Худой, рябоватый, начинающий лысеть, он отнюдь не страдал от своей невзрачной внешности и ни в коей мере не терял увереннострг в себе. Он садился всегда в глубине аудитории у стены и говорил ясно и громко, выражая свои мысли с точностью, достойной любезных его сердцу компьютеров.
И наконец, там был еще Сэм Фаулер — hors categorie[27], по определению как левого, так и правого крыла, поскольку он был черный. Будучи единственным черным в семинаре, он достаточно остро ощущал это и держался настороженно и не слишком дружелюбно со всеми членами семинара, за исключением Джулиуса, который был метисом. Немало мыслей бродило в его голове, когда он, сидя в углу напротив Майка Хамертона, слушал, что говорили остальные, молчаливый и гордый. Эти мысли стали отчасти известны лишь тогда, когда пришла его очередь сделать на семинаре доклад о Плеханове. Он прочел его с блеском, продемонстрировав великолепный аналитический талант и умение обращаться с материалом, — прочел с жаром настоящего политического борца за идеи гуманизма, однако сильно испортил впечатление, то и дело неуместно вплетая в доклад взятую в самых различных аспектах тему бедственного положения его черных собратьев в Соединенных Штатах Америки.
Такова по крайней мере была оценка, данная Генри Ратлиджем докладу его единственного студента-негра. Однажды он попытался, очень мягко, указать Сэмми, что история человечества знает немало примеров угнетения и жертвами его были не только негры.
— Да, — сказал Сэмми горячо, — но здесь, у нас, угнетают именно их. — А потом прибавил: — И других темнокожих, — и сообщнически покосился на Джулиуса.
Джулиус пожал плечами.
— Конечно… мне кажется, профессор, вы не можете не признать, что это так.
Профессор это признал, все участники семинара с этим согласились, и таким образом тема была исчерпана.

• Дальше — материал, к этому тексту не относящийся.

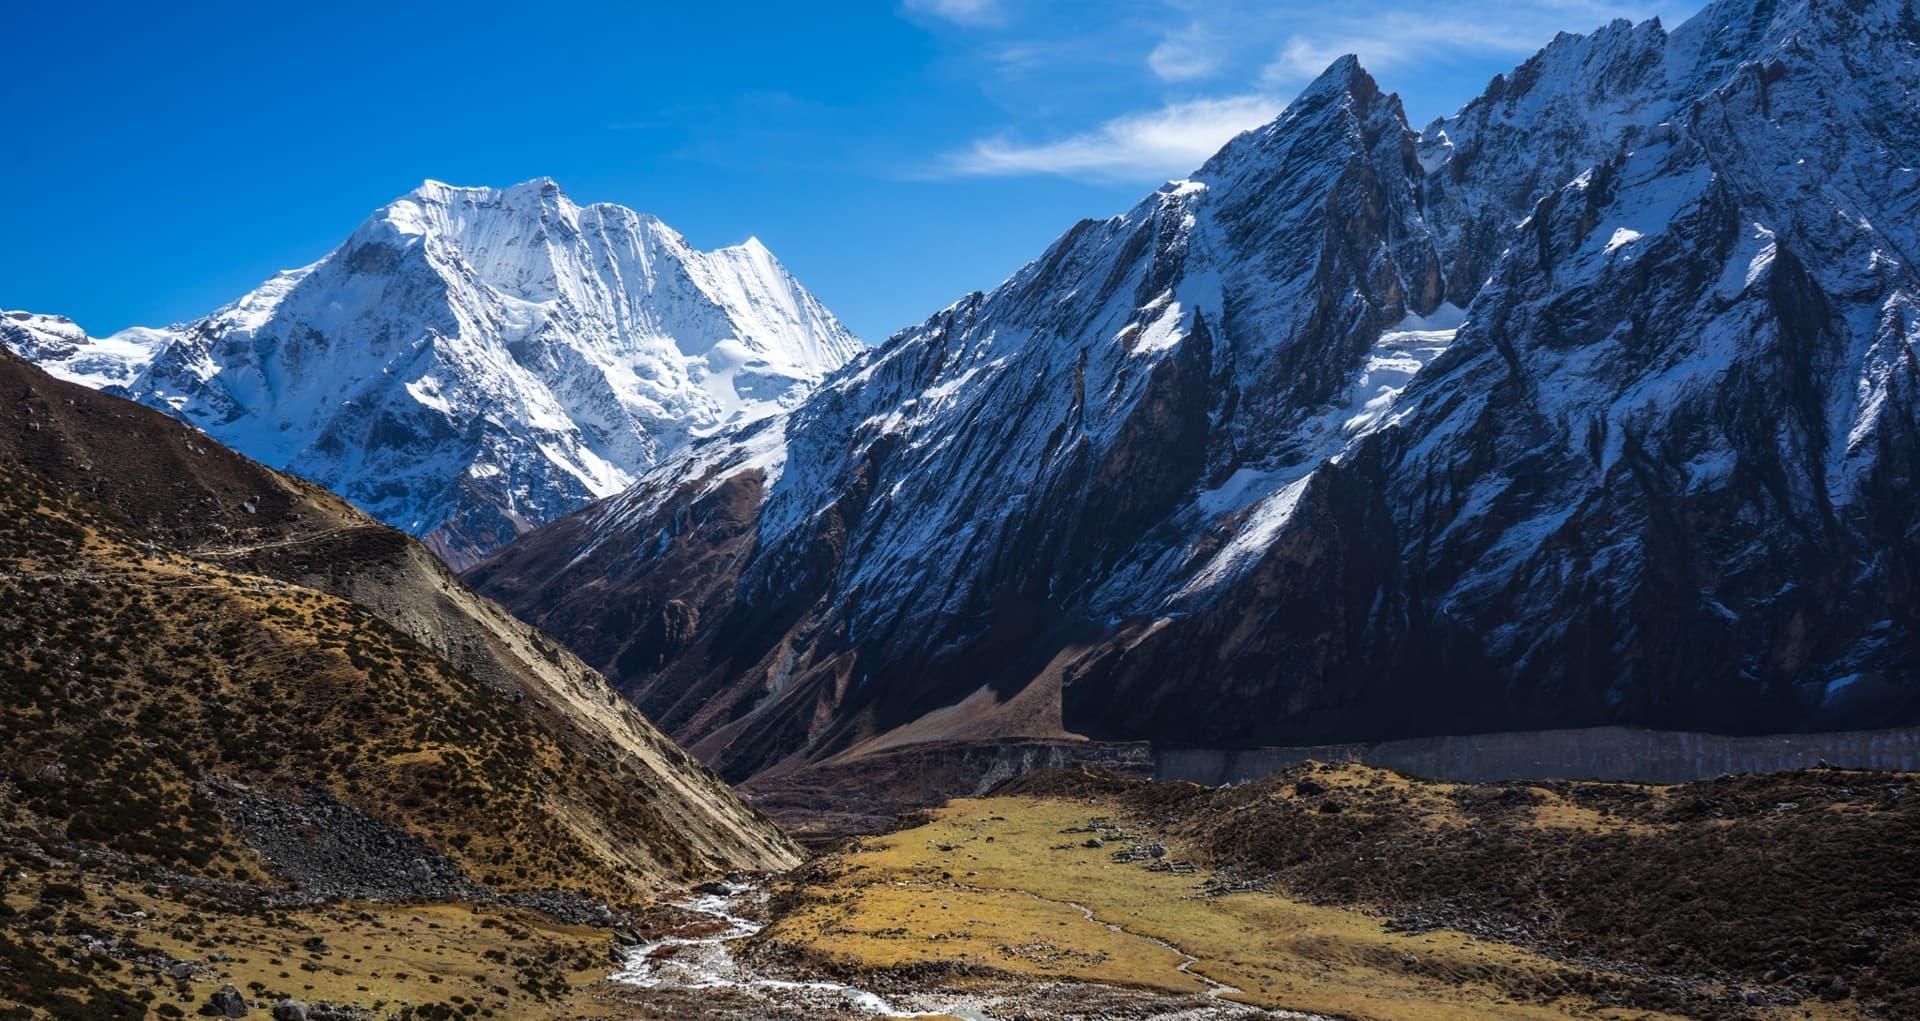 Vista del trekking del manaslu.

Взаимоотношения, сложившиеся у профессора Ратлиджа со студентами его семинара, были несколько необычны, ибо он слыл либералом, а все они, хотя и по разным причинам, считали его либерализм либо соглашательством, либо лицемерием, либо утопизмом. И мало того, что Генри Ратлидж исповедовал идеи, к которым они все относились с осуждением, — этот человек в глазах всей Америки был самым известным поборником этих идей. Во всяком случае, до сих пор считался таковым. С осени 1967 года он стал более осторожен, более академичен, не столько излагал собственные политические суждения, сколько высказывался по поводу чужих. Тем не менее профессор обязан давать оценки, и эти оценки оставались прежними — они сводились к анализу пороков всех политических систем, которые не являлись демократическими в понимании Запада. Отсюда возникает вопрос: как же могло случиться, что его студенты, в большинстве своем революционно настроенные, могли вообще попасть к нему в семинар, да еще с таким вниманием прислушиваться к его мнению, что, по-видимому, должно было говорить об их уважении к нему?
Ответ на этот вопрос следовало искать в его манере себя держать, столь ненавязчиво дружелюбной, что большинство студентов — как участники семинара, так и слушатели лекций — попадались на эту удочку. Все они, к примеру сказать, ожидали, что знаменитый профессор Ратлидж, миллионер и однокашник сенатора Лафлина, будет в основном говорить сам, а их заставит слушать, но всякий раз после очередного занятия семинара выяснялось, что профессор говорил мало, предоставив высказываться Дэнни, или, преодолев застенчивость Кейт, помогал высказаться ей, оставляя свое мнение при себе.
Впрочем, этой мягкости и терпимости было бы, вероятно, недостаточно, чтобы обезоружить наиболее воинственно настроенных, но профессор обладал еще одним качеством, которое для молодежи является не меньшей приманкой, чем мед для пчел, причем надо сказать, что даже священник Элан сумел признать это качество и оценить его по достоинству. Дело в том, что мозг профессора не был наглухо закрыт для новых идей; даже для тех идей, которые шли вразрез с его личными убеждениями, в его мозгу всегда оставалась маленькая щелка. Конечно, она была очень мала: как большинство людей его возраста, он уже составил себе определенное представление о миропорядке и не собирался его разрушать. Но в то время как большинство его современников — тех, кто, по мнению Дэнни, или Дэбби, или Джулиуса Тейта, вершил ныне судьбами Америки, — игнорировали или попросту отрицали факты, противоречившие их взглядам, и упорствовали в своих заблуждениях на беду всех, чья судьба была отдана в их руки, Генри Ратлидж, идеологический вождь и теоретик этого строя, готов был признать и проанализировать факты и внимательно продумать все революционные гипотезы, не противореча, а лишь задавая вопросы, стремясь выявить самую суть.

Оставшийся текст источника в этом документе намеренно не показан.